A golden summer rule: stack your plate with healthy vitamins!

Different season, different needs. During winter, we need to give our immune systems a boost, whilst in summer we must combat the harmful effects of UV rays.

Vitamin A

Vitamin A and and its provitamins play a key role in cell renewal and immune system function. It helps regulate the synthesis of melanin (the pigment that gives our skin its colour) and also reduces the appearance of liver spots. Antioxidant, it also protect the skin from sun allergies or other abnormal reactions to sunlight. Where is it found? Vitamin A is found in meat, poultry, liver. However, some of its derivatives can be sourced from fruits and vegetables (carrots, spinach, broccoli, oranges, mango).

Vitamin C

Known for its antioxidant and anti-fatigue properties, it stimulates the production of collagen, which firms the skin. But above all, vitamin C reduces liver spots and sun-related blemishes by reducing melanin production. Where is it found? Summer is the best time to get your fill of vitamin C by eating fruits and vegetables: blackcurrants, peppers, lemons, oranges, strawberries, Brussels sprouts, herbs...

Vitamin D

Known to boost the immune system and, when combined with calcium, prevent osteoporosis, vitamin D is hard to find in foodstuffs. Our body synthesises it from sunlight, which can provide 80% of our daily vitamin D requirement.

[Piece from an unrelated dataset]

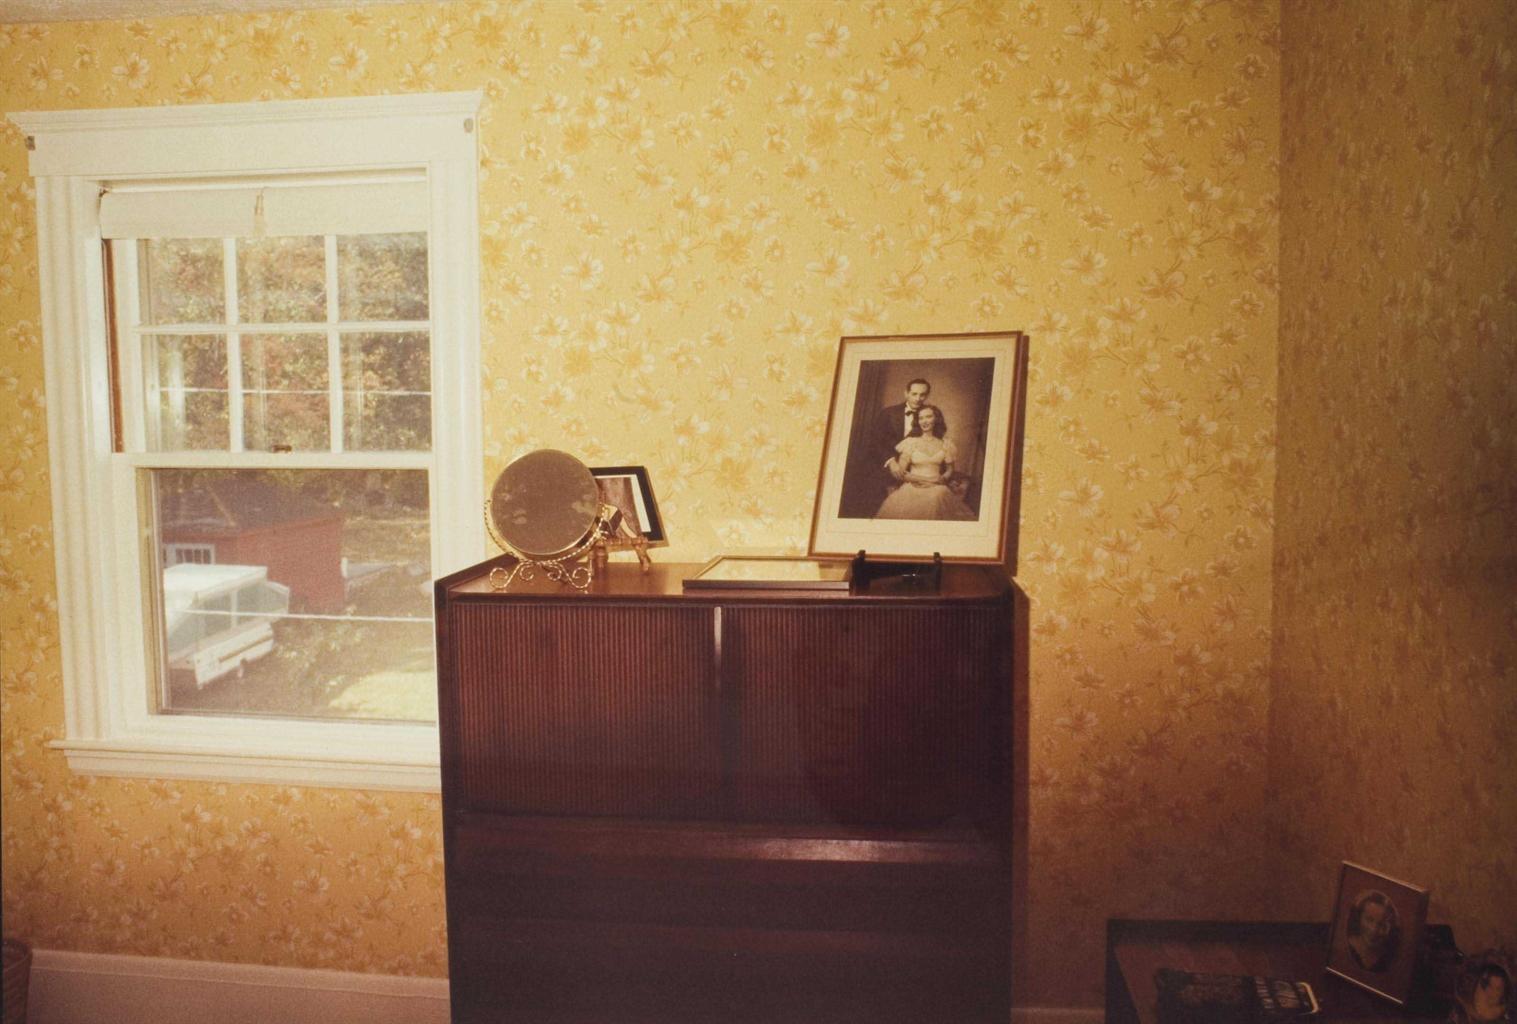 Nan Goldin-The Parents' Wedding Photo, Swampscott, Mass-1985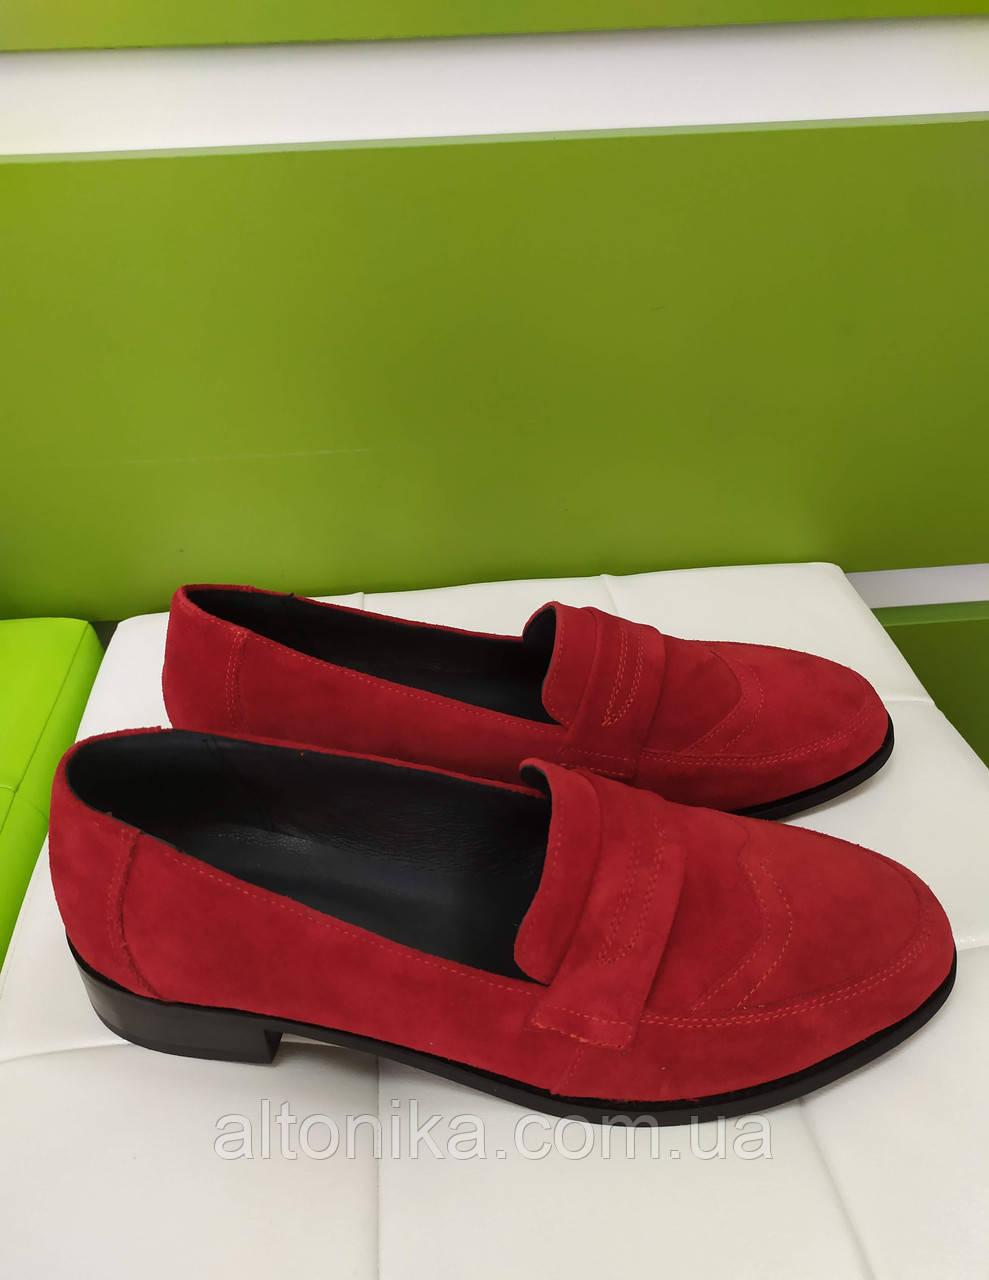 STTOPA 42р-28 см. Размеры 42-44! Туфли лоферы больших размеров кожаные. Красные. С6-14-4244-3

Hence the reason we need to dose up during summer and create a stock for overcast winter months.  Where is it found? Vitamin D is rarely found in food, but salmon, trout and herring are all good sources. It can also be found in cow's milk, egg yolks and fortified soy drinks. 

Vitamin E

Being an antioxidant that neutralises the body's free radicals, it protects us from harmful UV radiation, but it can't technically be classified as a sunscreen. Combined with vitamin C in a sunscreen, it potentiates the efficacy of the filtering system and applied to the skin, it helps repair sunburn!  Where is it found? Common sources of vitamin E are nuts, seeds, vegetable oils and, to a lesser extent, green leafy vegetables.